Advent, the Church’s world-wide retreat, now begins its second week. The quiet time. The great contrast with our culture’s turbulent consumer bonanza.

Consumerism-as a-way-of-life can shield our eyes against what needs praying for.

Not just the unstoppable—open sale and use of drugs in high-schools and grade schools, sexual promiscuity as a “life style,” aggressively marketed to every segment of the population—but also the growing collapse of commonly shared values, in favor of a “new morality,” which looks a lot like a dissolution of the ties that bind a culture together.

Surrounded by such sadness and confusion, who can sit back and be quiet in Advent?

Yet the First Reading says we should do so. It tells us to

put on the splendor of glory from God forever:
wrapped in the cloak of justice from God,
bear on your head the mitre [ceremonial hat]
that displays the glory of the eternal name.

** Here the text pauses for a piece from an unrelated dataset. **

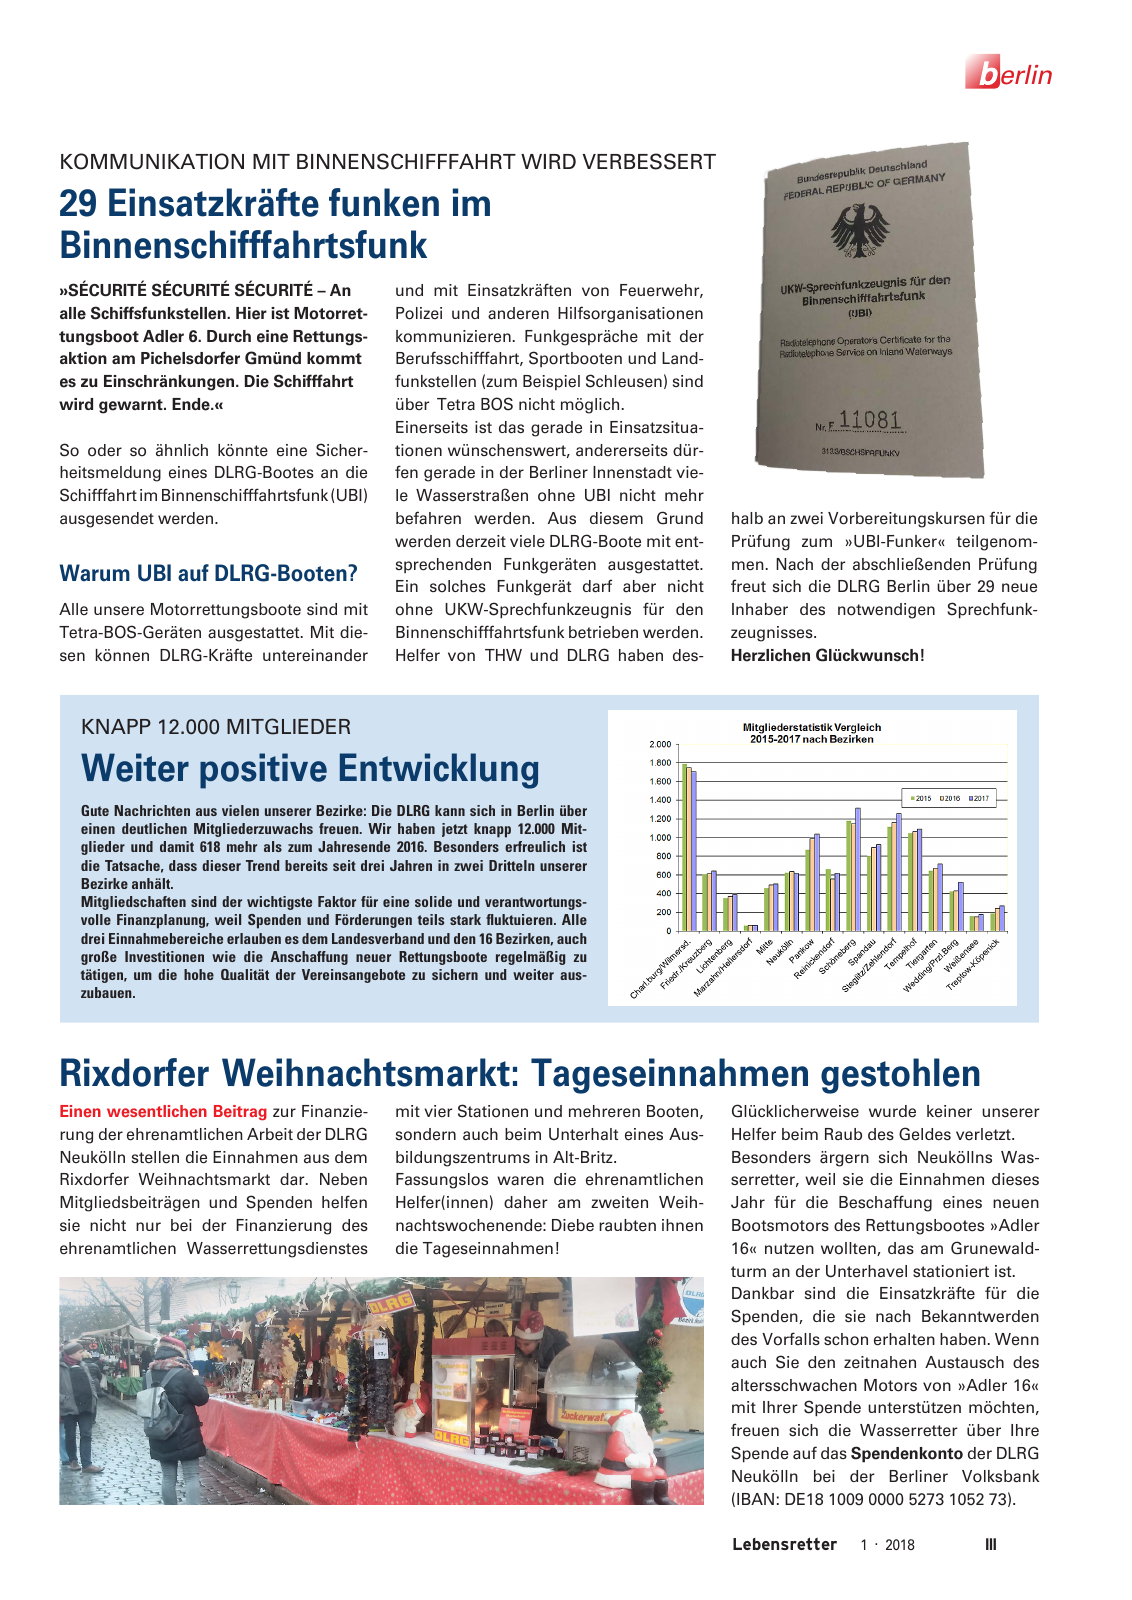 Vorschau Lebensretter 1/2018 - Regionalausgabe Berlin Seite 5

According to this First Reading, God is to make us into the peace of justice, his glory on earth. Grief and misery are going to disappear!

Can this be true?

Text Box:  God is to make us into the peace of justice, his glory on earth. Grief and misery are going to disappear!Maybe the Church is just irreparably cut off from the “real world,” hiding in pews and doting on this comforting and “nice” view of life. Is this true of us?

Actually, I think not. I think we are being asked to undergo some “stretching” in our approach to life and in our approach to tragedy. Jesus comes not just into our parties, our dreams of a successful careers, our happiness and cheer, but also and importantly, into the craggy mountains and deep gorges of our lives.

If you are a human being, you know a lot about these. Maybe you are hiding a sadness. What mountain is currently too high for you to approach? What utter failure hides in the recesses of your heart? Whatever these are for you, whether they be great or small, there exists an answer in Advent: letting God’s depths take up residence in your own soul.

Think of it: Christ, wanting to gestate right now in your heart, just as you and I did in our mother’s womb. His birth may not make the world pleasant and polite, but it will connect you at your very roots with the mysterious profundity of God.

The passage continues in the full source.